Stored data:

──────────────────────────────

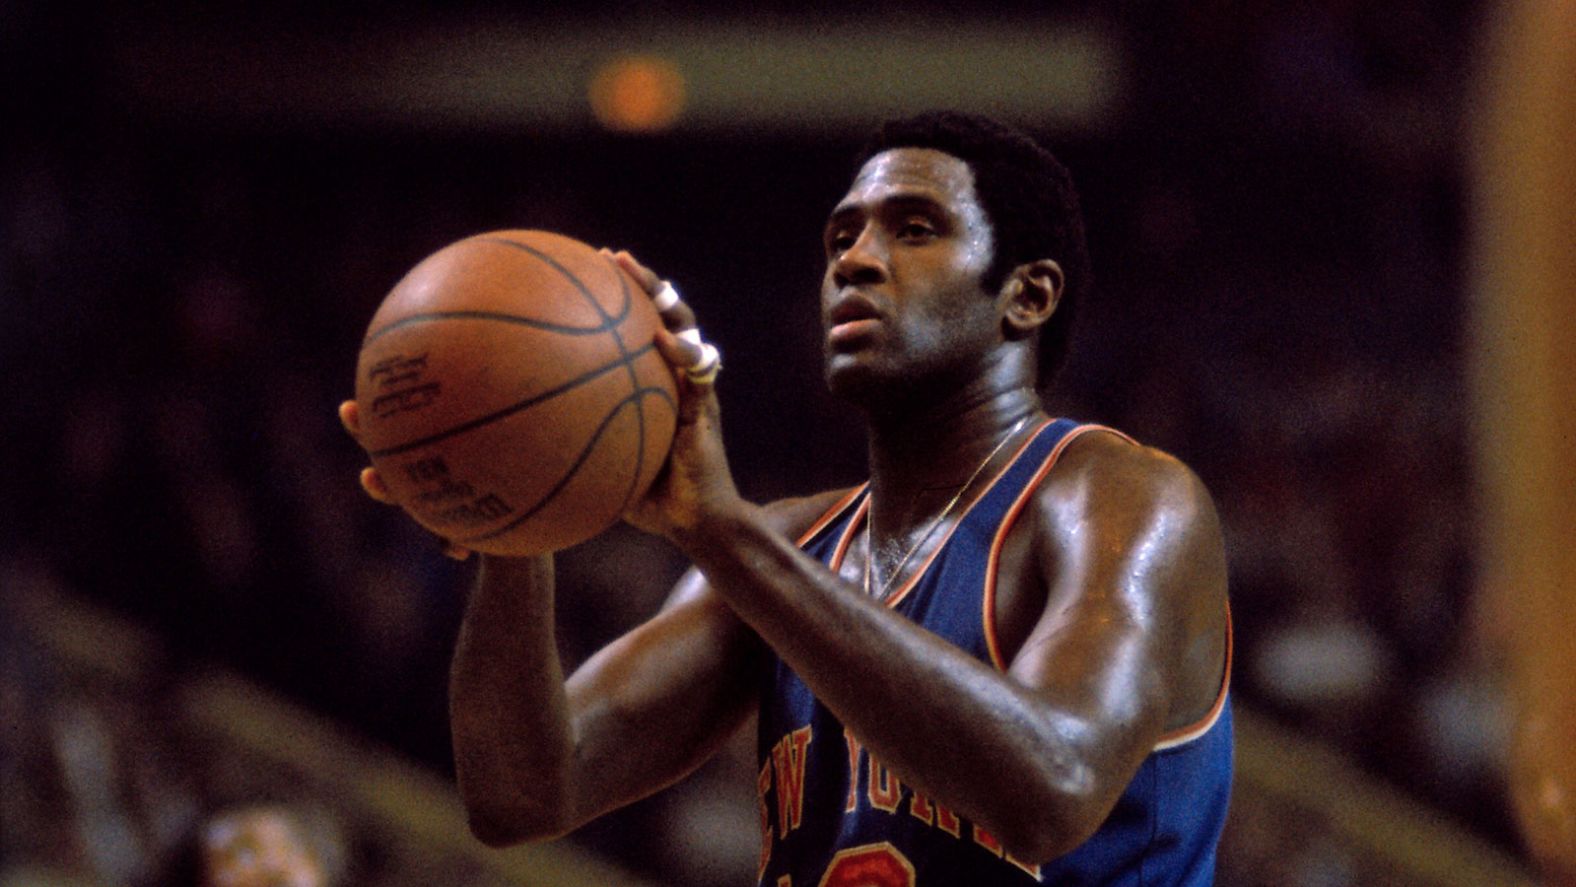 <a href="https://www.cnn.com/2023/03/21/us/willis-reed-new-york-knicks-obit/index.html" target="_blank">Willis Reed</a>, who helped the New York Knicks win two NBA titles in the 1970s, died at the age of 80, the National Basketball Retired Players Association said on March 21.
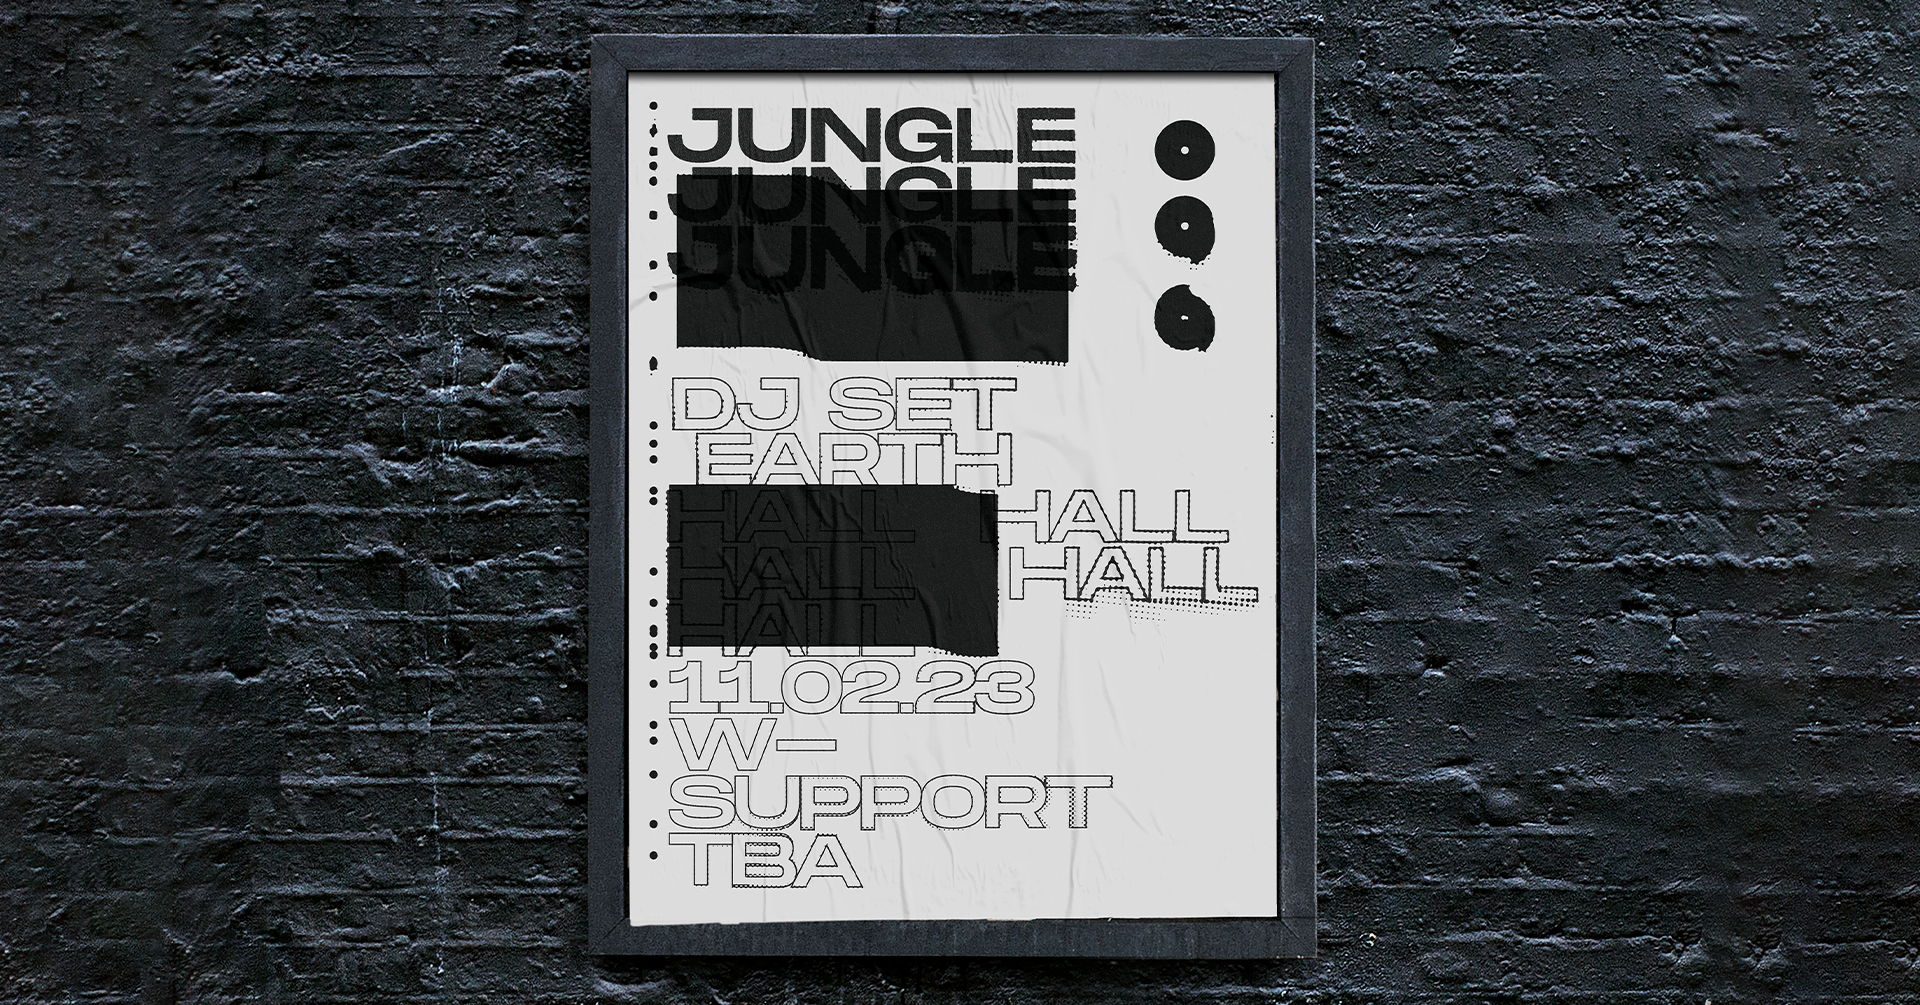 Jungle extended set and more TBA 
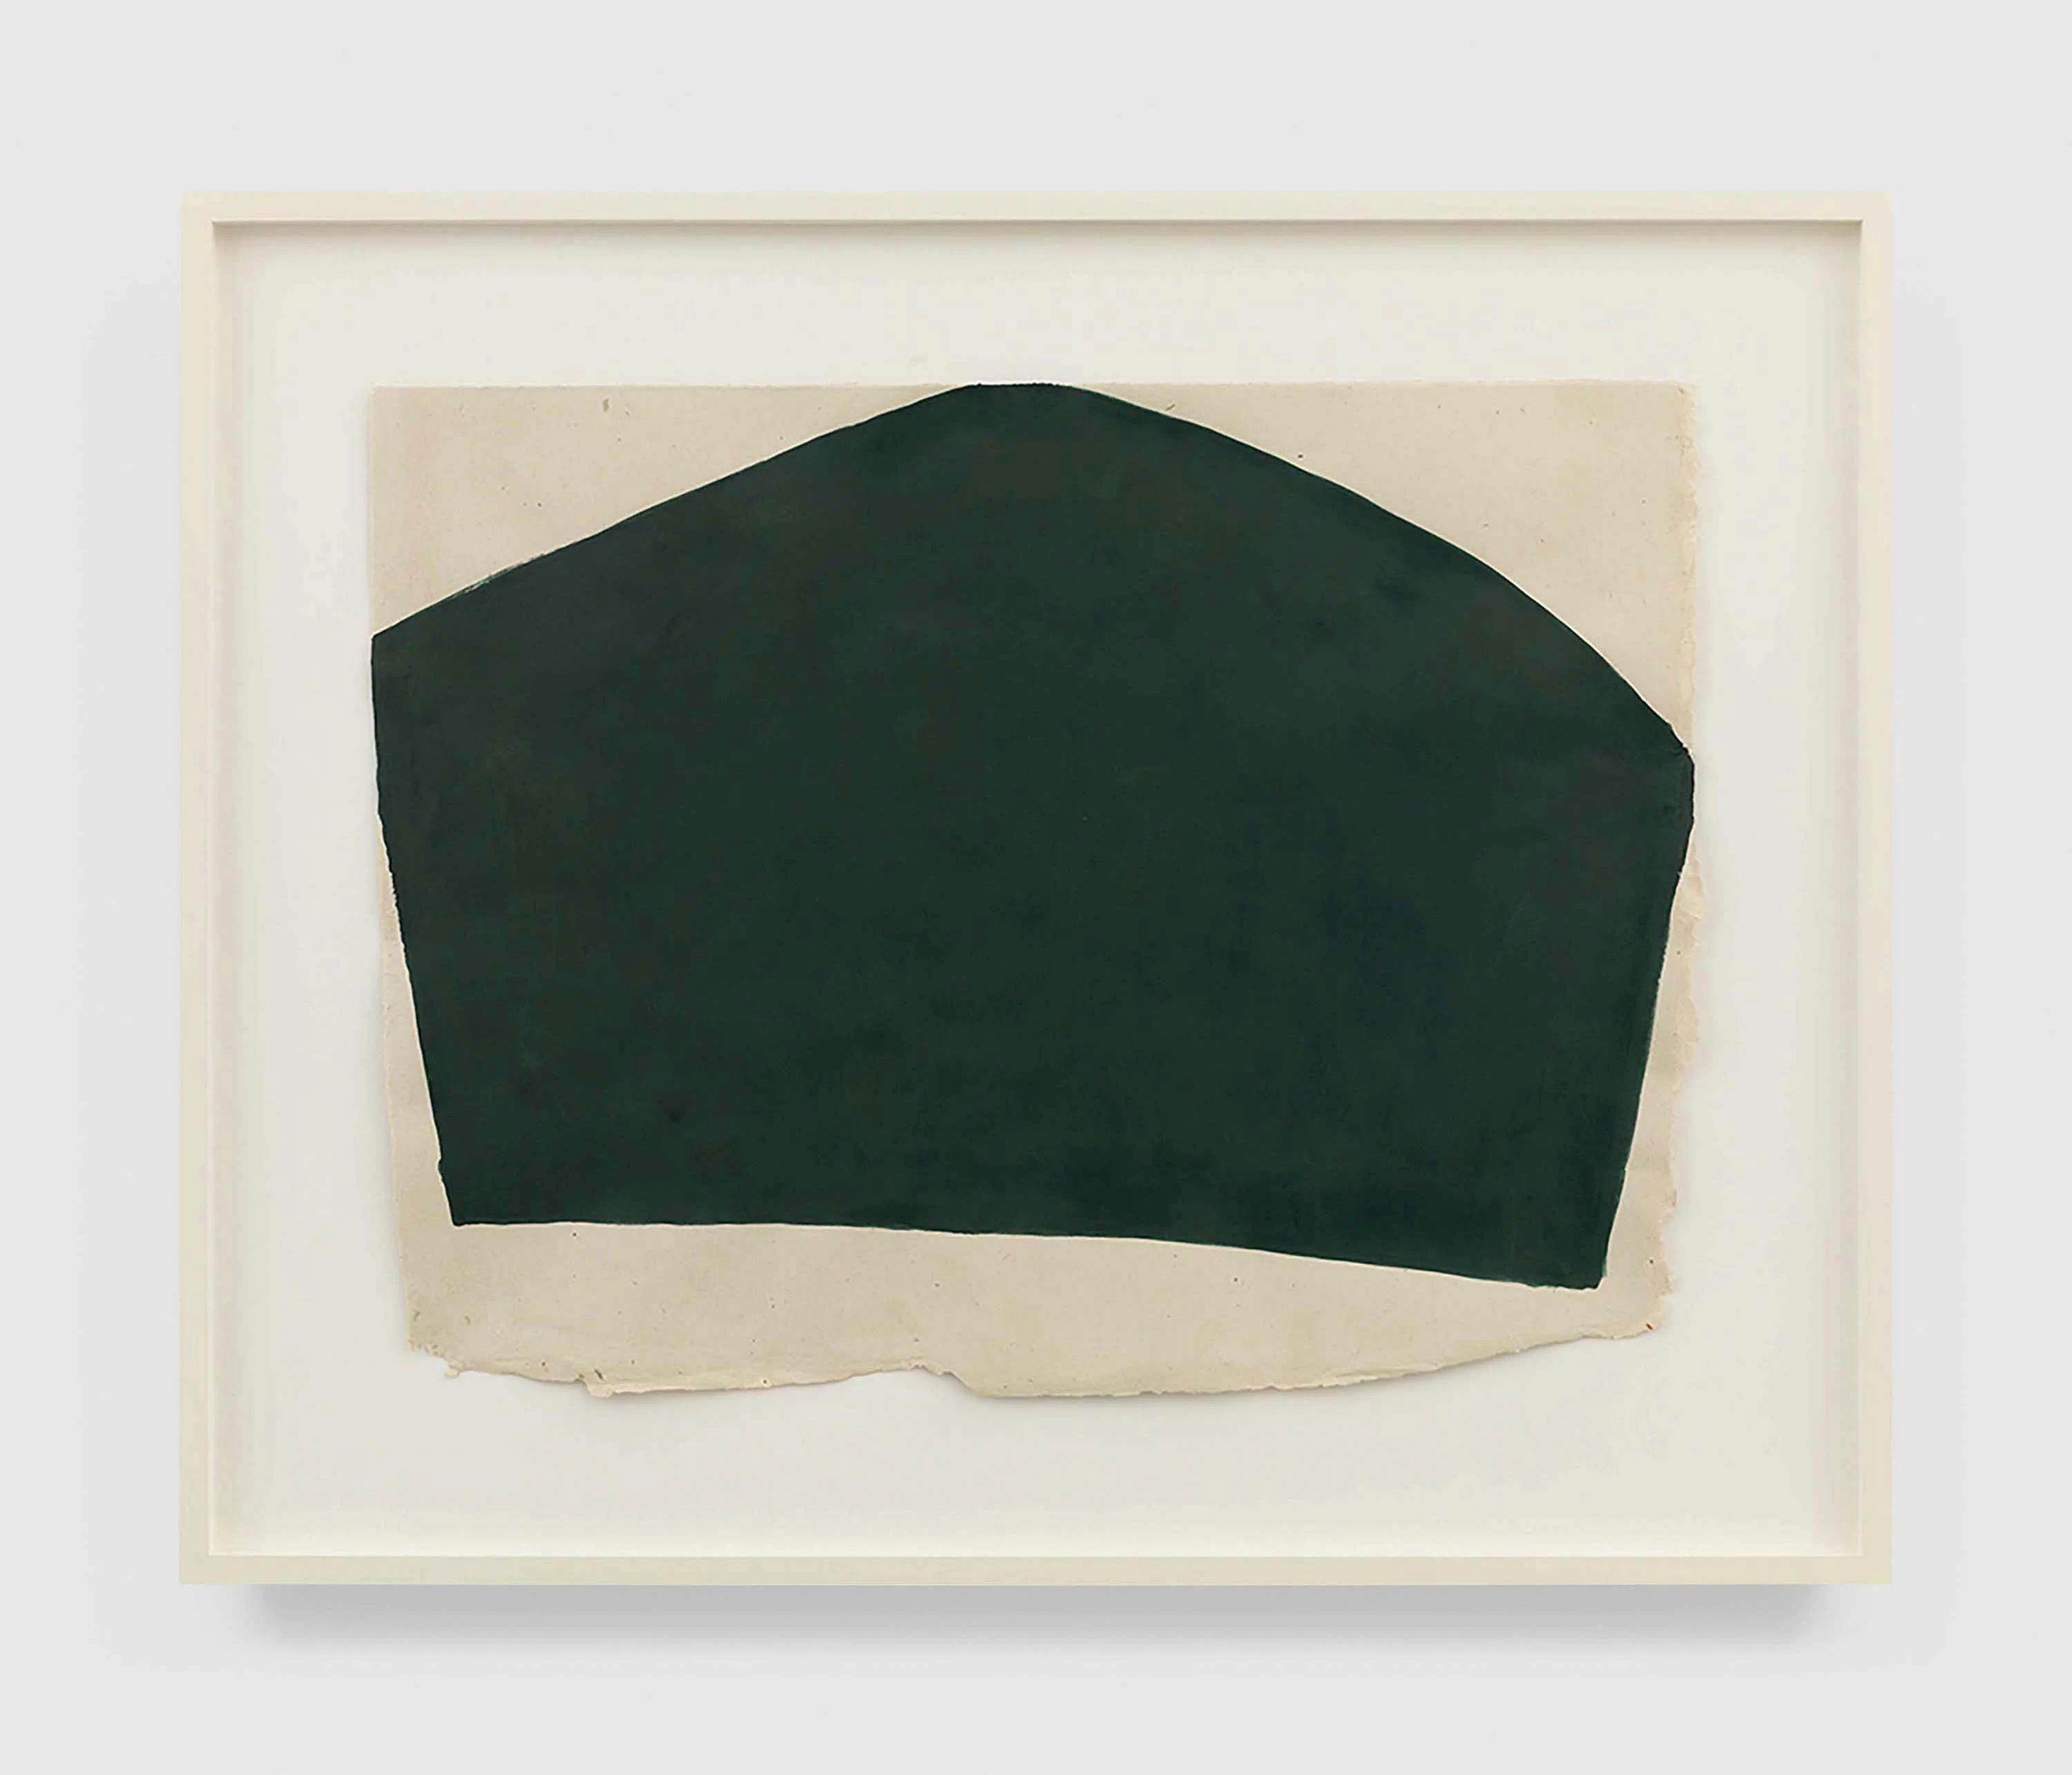 A work on paper by Suzan Frecon title lifted dark green composition touching top and two sides, dated 2013.

──────────────────────────────

Assignment:
When the listing is transcribed, every line must match the original exactly, and the pictures must be left out.

Your response:
 <a href="https://www.cnn.com/2023/03/21/us/willis-reed-new-york-knicks-obit/index.html" target="_blank">Willis Reed</a>, who helped the New York Knicks win two NBA titles in the 1970s, died at the age of 80, the National Basketball Retired Players Association said on March 21.
 Jungle extended set and more TBA 
 A work on paper by Suzan Frecon title lifted dark green composition touching top and two sides, dated 2013.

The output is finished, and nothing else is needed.